TASK GOAL =>
Beginning with the line that has "A marketing overview" and ending with the line that has "Early bird savings", retype the entries below exactly, except for the pictures.

MATERIALS PROVIDED =>
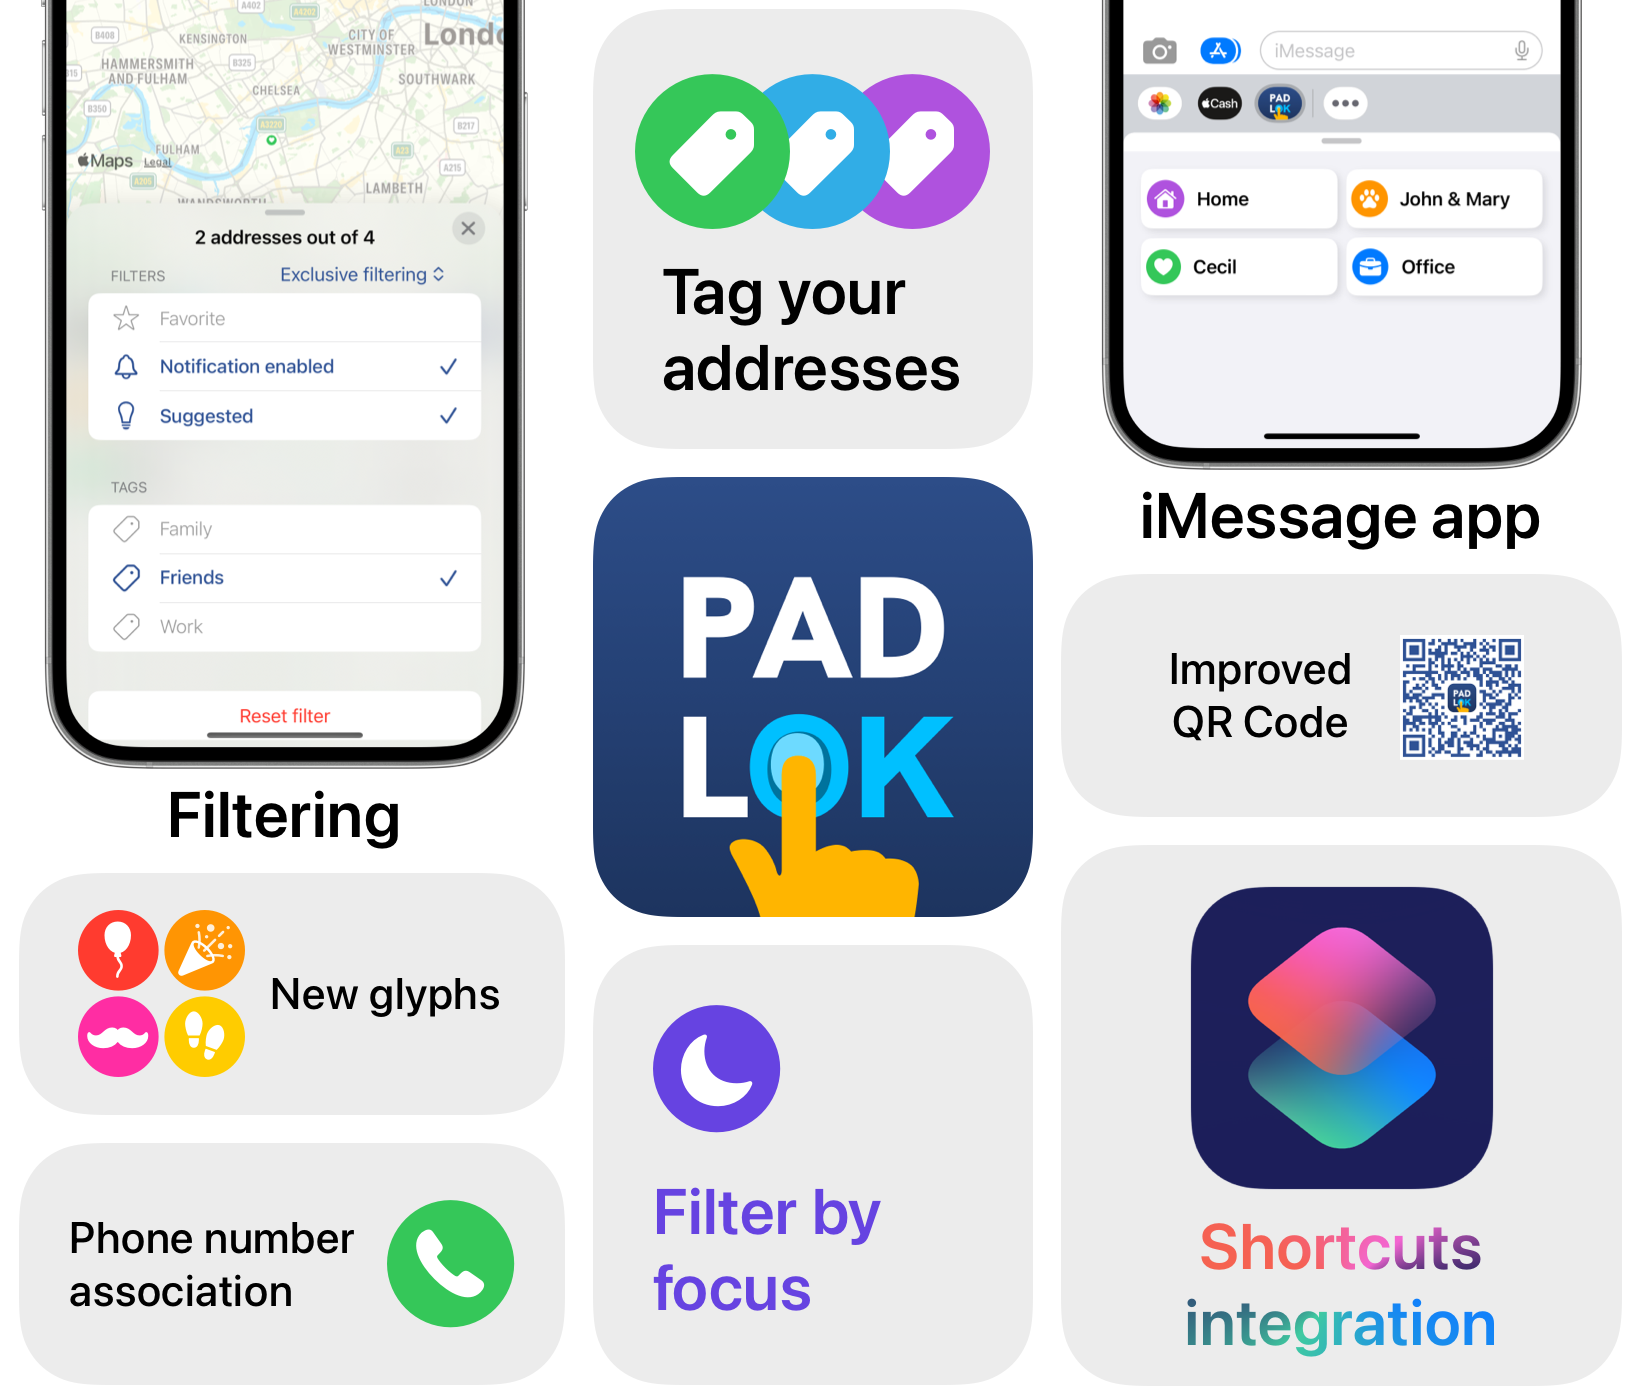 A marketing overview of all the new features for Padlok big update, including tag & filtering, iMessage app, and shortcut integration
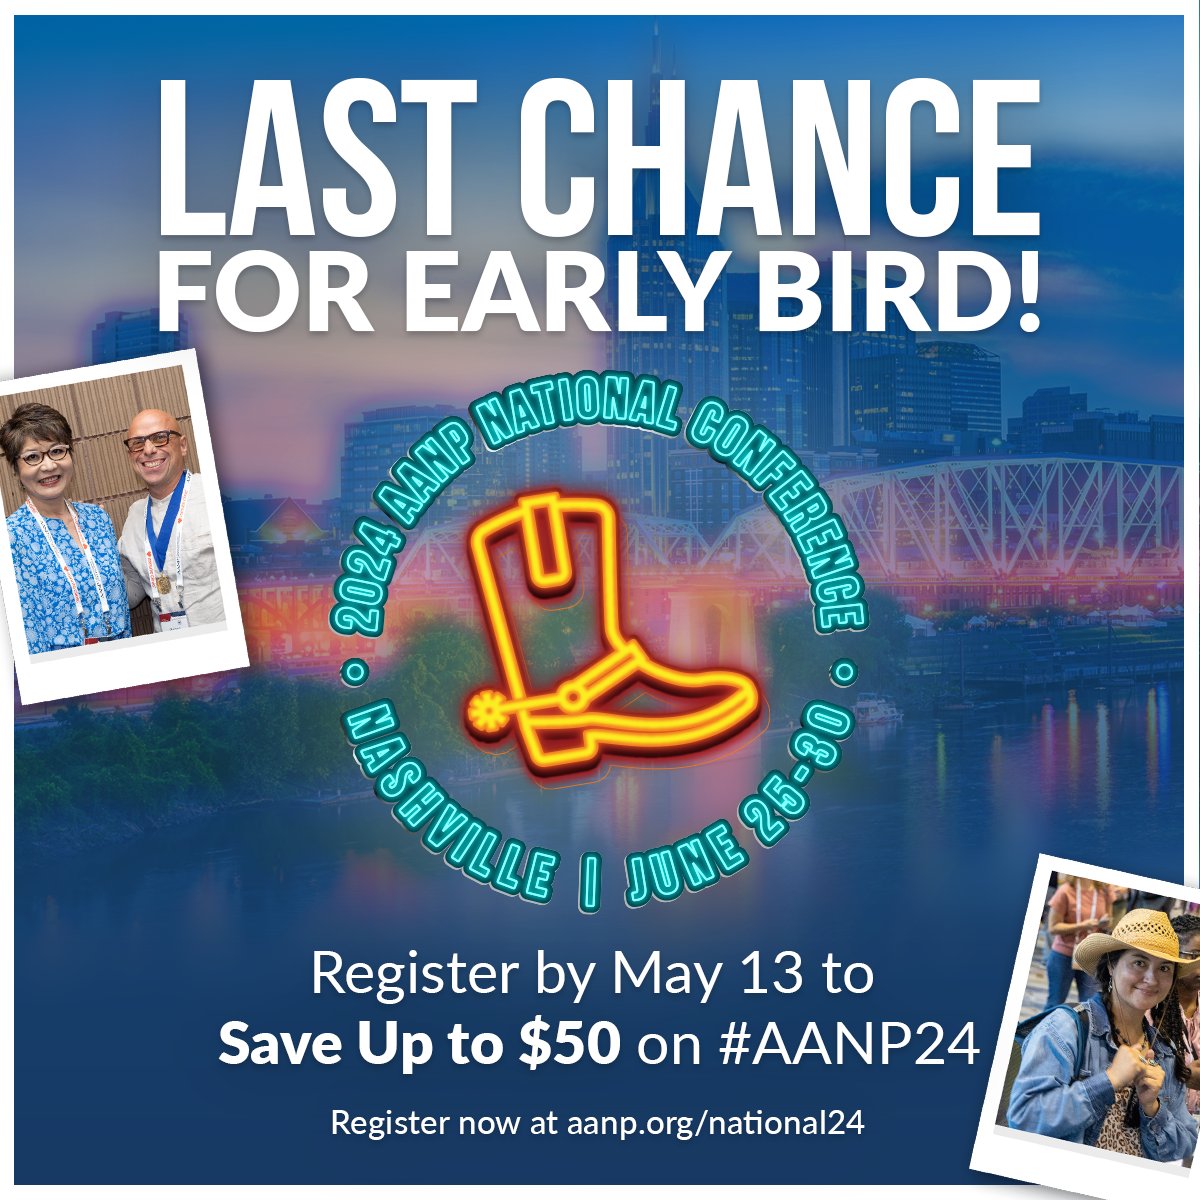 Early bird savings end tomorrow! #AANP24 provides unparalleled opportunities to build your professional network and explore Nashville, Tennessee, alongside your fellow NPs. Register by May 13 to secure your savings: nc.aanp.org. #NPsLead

...

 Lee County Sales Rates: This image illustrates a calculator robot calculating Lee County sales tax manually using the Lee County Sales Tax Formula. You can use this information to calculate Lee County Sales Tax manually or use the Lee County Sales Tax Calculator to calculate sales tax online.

WORKED SOLUTION =>
 A marketing overview of all the new features for Padlok big update, including tag & filtering, iMessage app, and shortcut integration
 Early bird savings end tomorrow! #AANP24 provides unparalleled opportunities to build your professional network and explore Nashville, Tennessee, alongside your fellow NPs. Register by May 13 to secure your savings: nc.aanp.org. #NPsLead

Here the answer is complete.